Question

The potentials at points A and B are \( V_A \) and \( V_B \) respectively for the charges \( +q \) and \( -q \) placed at distances ' x ' each from points A and B as shown in figure. The distance between points A and B is ' y '. The net potential (\( V_A - V_B \)) is proportional to

• A. \( \frac{2qy}{x(x+y)} \)
• B. \( \frac{-2qy}{x(x+y)} \)
• C. \( \frac{qy}{x(x+y)} \)
• D. Zero

Hint:

- Potential is scalar → add algebraically - Carefully track distances for each charge

Answer 1

The Correct Option is A

Concept:
Electric potential due to a point charge: \[ V = \frac{kq}{r} \]

Step 1: Write potential at A.
From +q at distance $x$: \[ V_{A1} = \frac{kq}{x} \] From $-q$ at distance $(x+y)$: \[ V_{A2} = \frac{-kq}{x+y} \] \[ V_A = \frac{kq}{x} - \frac{kq}{x+y} \]

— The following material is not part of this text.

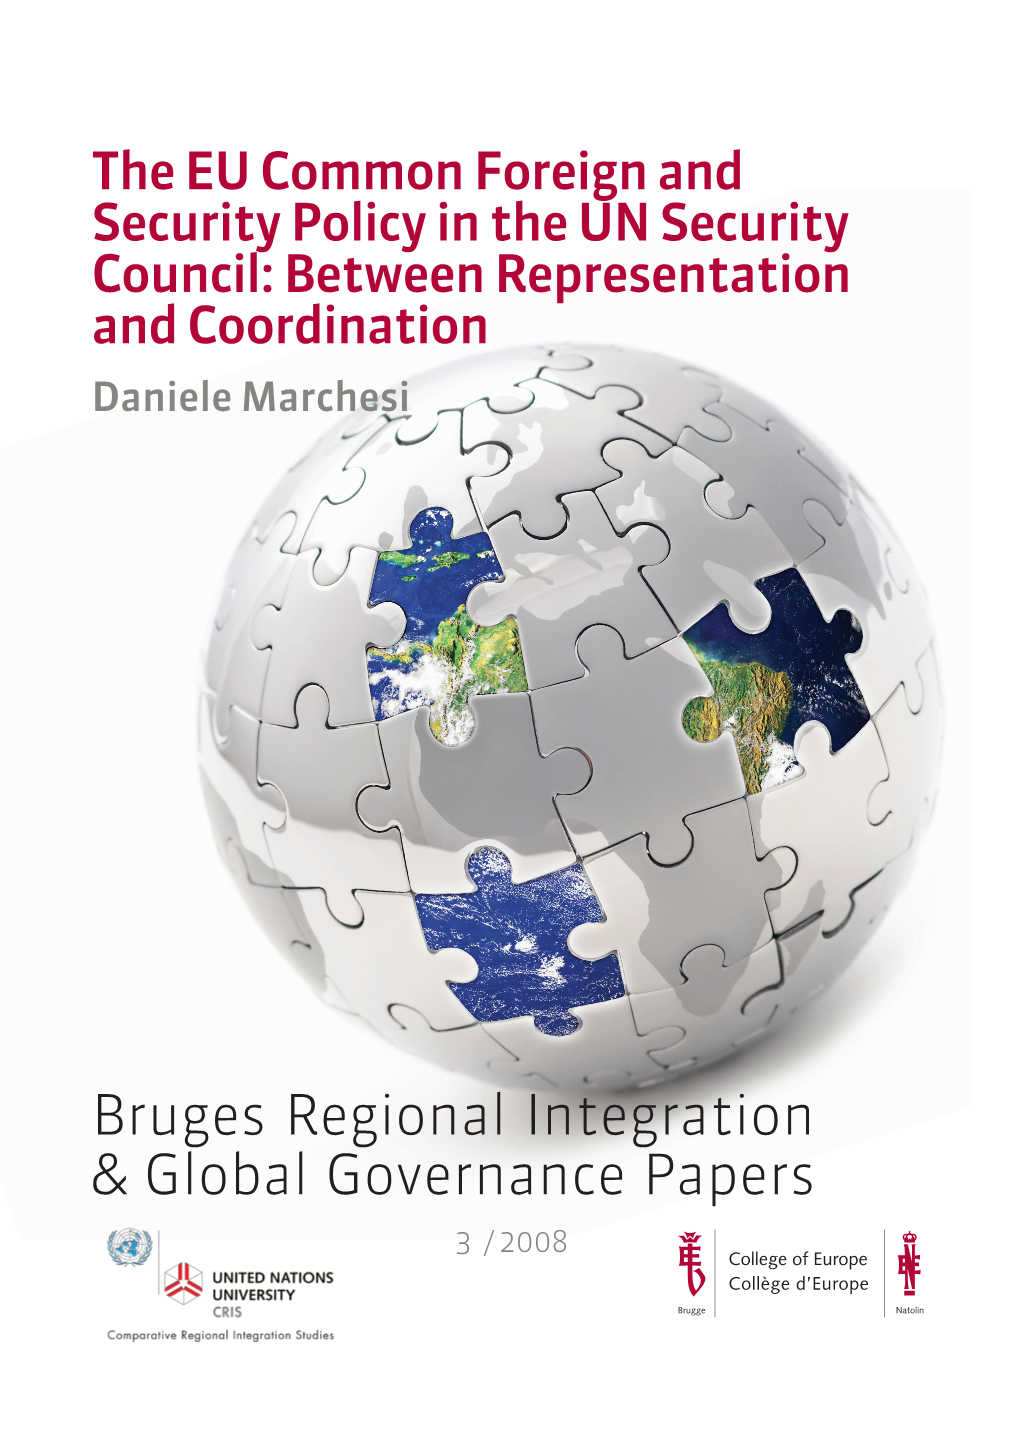 Bruges Regional Integration & Global Governance Papers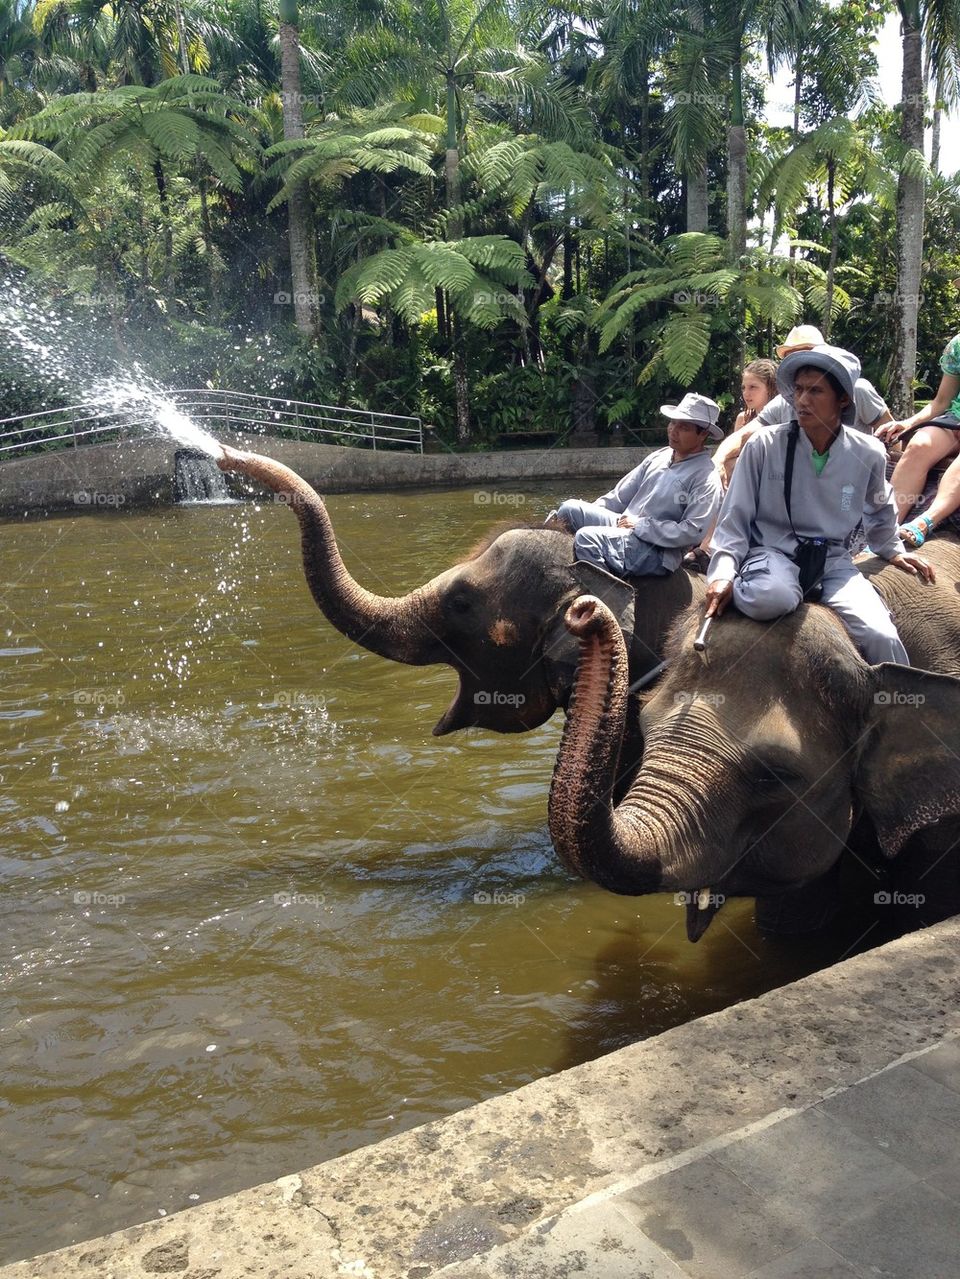 Bali elephants

Step 2: Write potential at B.
From +q at distance $(x+y)$: \[ V_{B1} = \frac{kq}{x+y} \] From $-q$ at distance $x$: \[ V_{B2} = \frac{-kq}{x} \] \[ V_B = \frac{kq}{x+y} - \frac{kq}{x} \]

Step 3: Find difference.
\[ V_A - V_B = \left(\frac{kq}{x} - \frac{kq}{x+y}\right) - \left(\frac{kq}{x+y} - \frac{kq}{x}\right) \] \[ = \frac{kq}{x} - \frac{kq}{x+y} - \frac{kq}{x+y} + \frac{kq}{x} \] \[ = 2\left(\frac{kq}{x} - \frac{kq}{x+y}\right) \]

Step 4: Simplify.
\[ = 2kq \left( \frac{(x+y) - x}{x(x+y)} \right) = 2kq \left( \frac{y}{x(x+y)} \right) \]

Step 5: Final proportionality.
\[ V_A - V_B \propto \frac{2qy}{x(x+y)} \]